# Hail Damage



## Chasgirl (Aug 15, 2006)

It was such a nice day today I decided to air out the Outback and discovered 2 of our 3 roof vents were cracked and broken presumably from the little bit of hail we had a couple of days ago.







I checked the roof and it appears to be okay, except for the vents. Is it difficult to replace these covers? They are the basic white stock covers. While I'm at it, I would like to add some MaxxAir or "Ramble" covers also. Has anyone had experience with the cheaper Ramble brand?

Chasgirl


----------



## Lady Di (Oct 28, 2005)

What brand are the current vent covers?

We have MaxAir and really like them. Not too difficult to do, we did ours ourselves.


----------



## egregg57 (Feb 13, 2006)

The white vent covers are not hard to replace. It just takes some time if your doing it yourself. Do you have insurance? If so, you may be able to have it fixed at your dealer. If not, and you're on your own there are several sites that have instruction, even video on the removal and replacement of the vents. I can't speak to the Maxxair equipment. I don't have that! Good luck! Keep us posted!

Eric


----------



## Ghosty (Jan 17, 2005)

I have had all three covers -- AERO FLO (French for "THEY SUCK - AND THEY CRACK UNDER ANY PRESSURE - JUST LIKE THE FRENCH - AND YOU WILL NOT GET A FULL YEAR OUT OF THEM - JUST LIKE THE FRENCH") -- Ramble (Spanish for "Dried out after my first season and crumbled like the Patriots in the 4th Qtr") - and MaxxAir (English for "THESE ARE THE ONES YOU WANT") 

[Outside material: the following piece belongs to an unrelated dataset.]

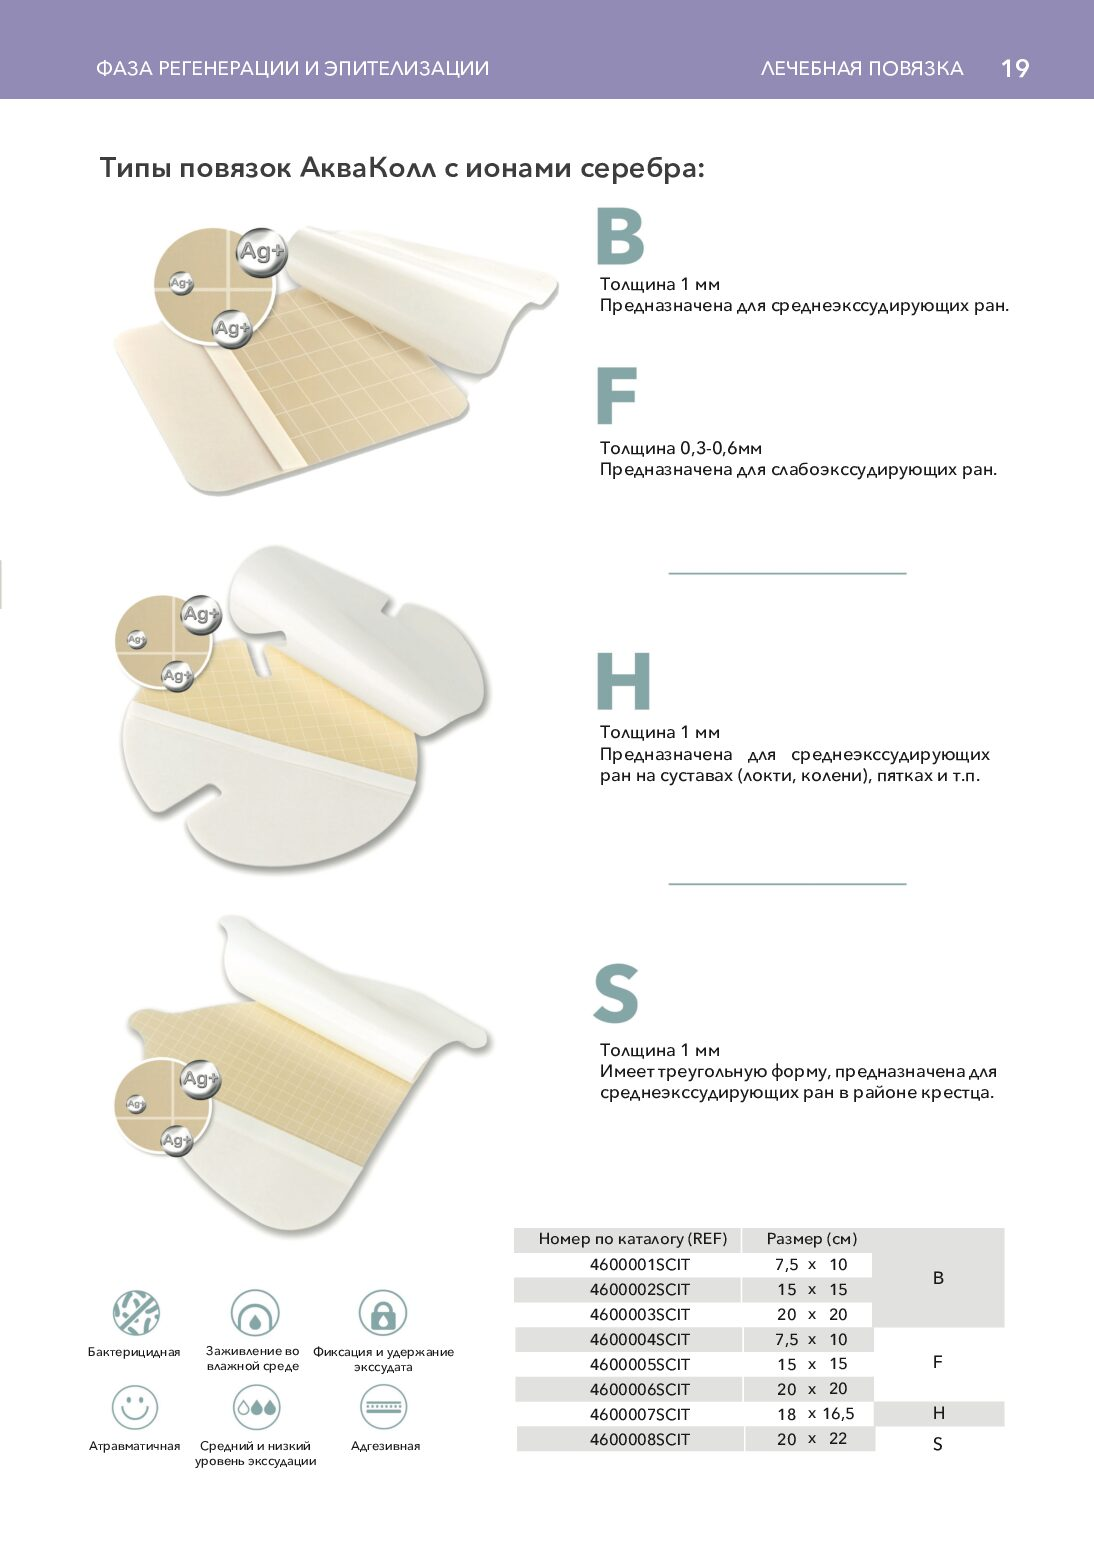 продукции Optimelle 19 pdf

In case you missed it -- get the MAXX Air ...

The MAXXAIR vent that i originally put on in Jan 05 is still going strong -- the other ones I had are all gone/destroyed and replaced with MAXXAirs --

As for the vent lid cover replacements -- yep -- they are easy to find -- I had one crack when i first got the trailer -- cost me -- i think -- 12.00 on EBay to get a new one --


----------



## Carey (Mar 6, 2012)

Your sure can make a point Ghosty... lol pretty funny...

I think someone needs to send you a bottle of french wine... Think that would change your disposition a bit?

Carey


----------



## camping canuks (Jan 18, 2007)

Ghosty said:


> I have had all three covers -- AERO FLO (French for "THEY SUCK - AND THEY CRACK UNDER ANY PRESSURE - JUST LIKE THE FRENCH - AND YOU WILL NOT GET A FULL YEAR OUT OF THEM - JUST LIKE THE FRENCH") -- Ramble (Spanish for "Dried out after my first season and crumbled like the Patriots in the 4th Qtr") - and MaxxAir (English for "THESE ARE THE ONES YOU WANT")
> 
> In case you missed it -- get the MAXX Air ...
> 
> ...










I see a theme here


----------



## Scoutr2 (Aug 21, 2006)

We had golf-ball sized hail hit one afternoon when we were at Disney World last June. I had to have dings removed from my truck hood and top when we returned home. But the Max-Air vents held up well. Nothing at all broken or damaged on the Outback. I was worried about the skylight above the tub, but the trailer is new enough that the plexiglass/lexan? isn't brittle enough yet for hail to cause problems - unless the hailstones are larger, anyway.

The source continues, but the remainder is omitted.